The MAN Group - comprising the MAN Truck & Bus and MAN Latin America divisions - recorded declines in unit sales, sales revenue, and operating profit in the first half of 2020 due to a market slowdown in Europe, which was already expected at the beginning of the year, as well as the significant impact of the COVID-19 pandemic.

The MAN Group's unit sales fell by 34% to 47,301 vehicles in the first six months, resulting in sales revenue of EUR4.7 billion, down 26% year-on-year. The MAN Group closed the first half of the year with an operating loss of EUR423 million (previous year: operating profit of EUR248 million). The operating return on sales was -9.1%, after 4.0% reported in the prior-year period.

The increasing spread of coronavirus already weighed on unit sales in the first quarter and resulted in plant closures across the Company's production sites from the second half of March. At the end of April, the MAN Group began to gradually restart production at its plants. All sites are now up and running again.
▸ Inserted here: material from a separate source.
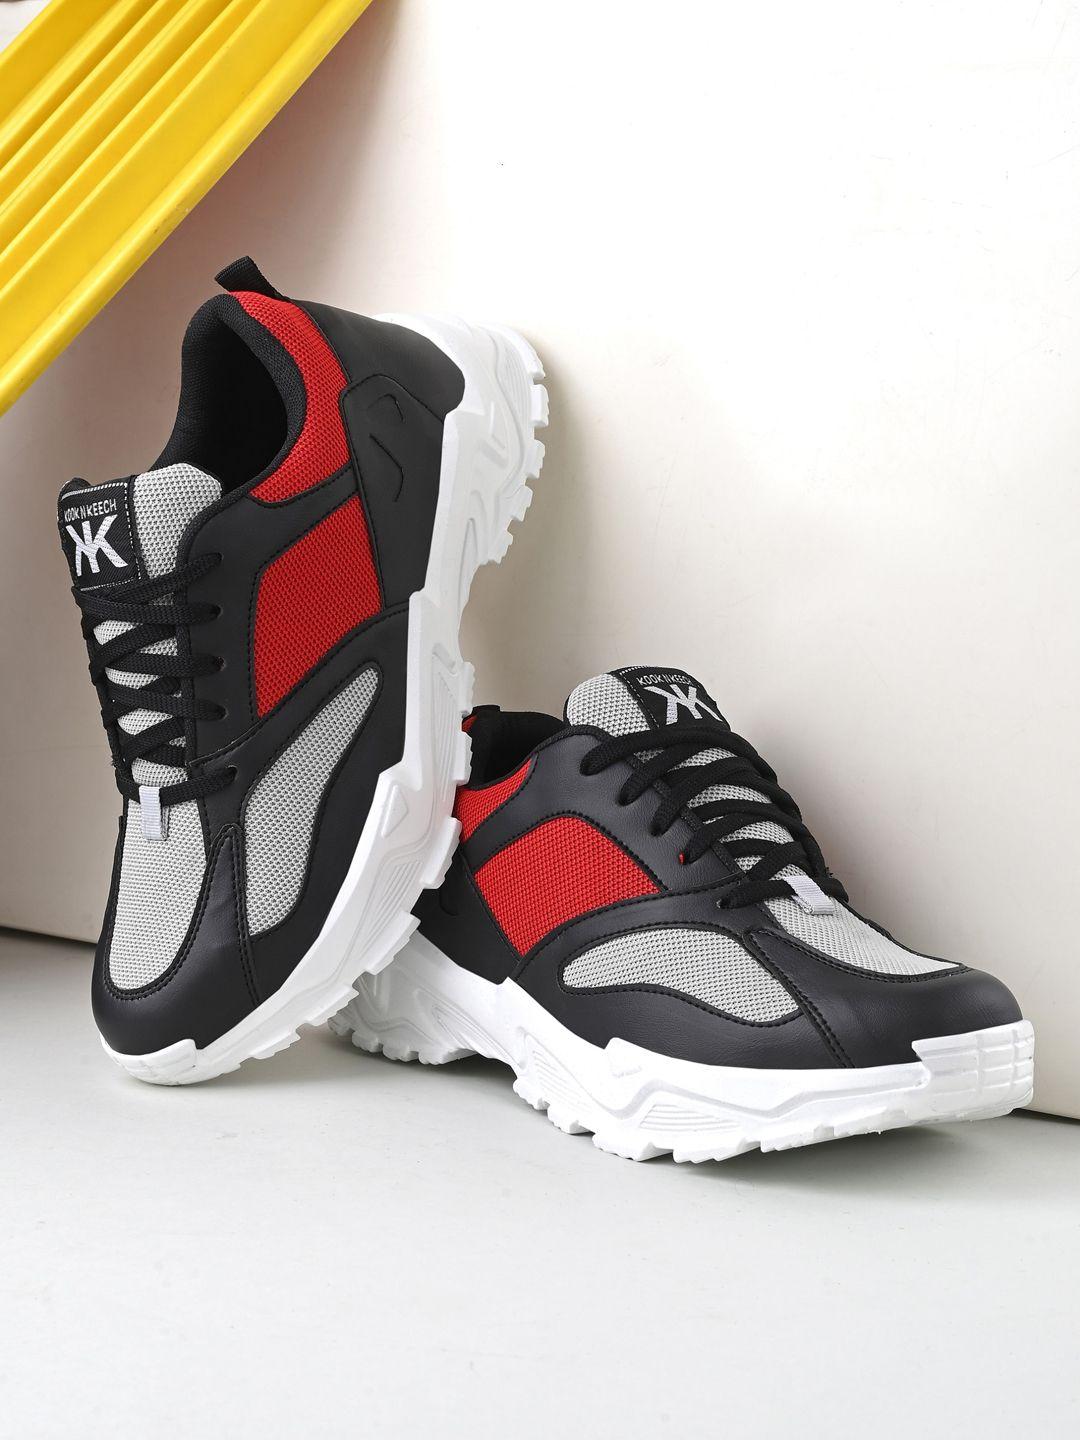 kook n keech men red and black colourblocked lightweight sneakers

'MAN has responded to the COVID-19 crisis with comprehensive measures designed to cushion the consequences of the pandemic. As well as temporary production stops, this mainly includes stabilizing our operating business further,' explains Dr. Andreas Tostmann, Chief Executive Officer of MAN SE. 'With the new truck generation we launched back in February and our aim to realign the Company, we are creating the foundation for profitable and sustainable growth in the MAN Group.'

The continuing COVID-19 pandemic and the repercussions it has for the economic environment make concrete statements on the expected future business developments extremely difficult. The impact of the COVID-19 pandemic on customer demand and supply chains still cannot be estimated with any degree of reliability, not least because of the possibility of a further rise in infection rates in Europe or other regions of the world.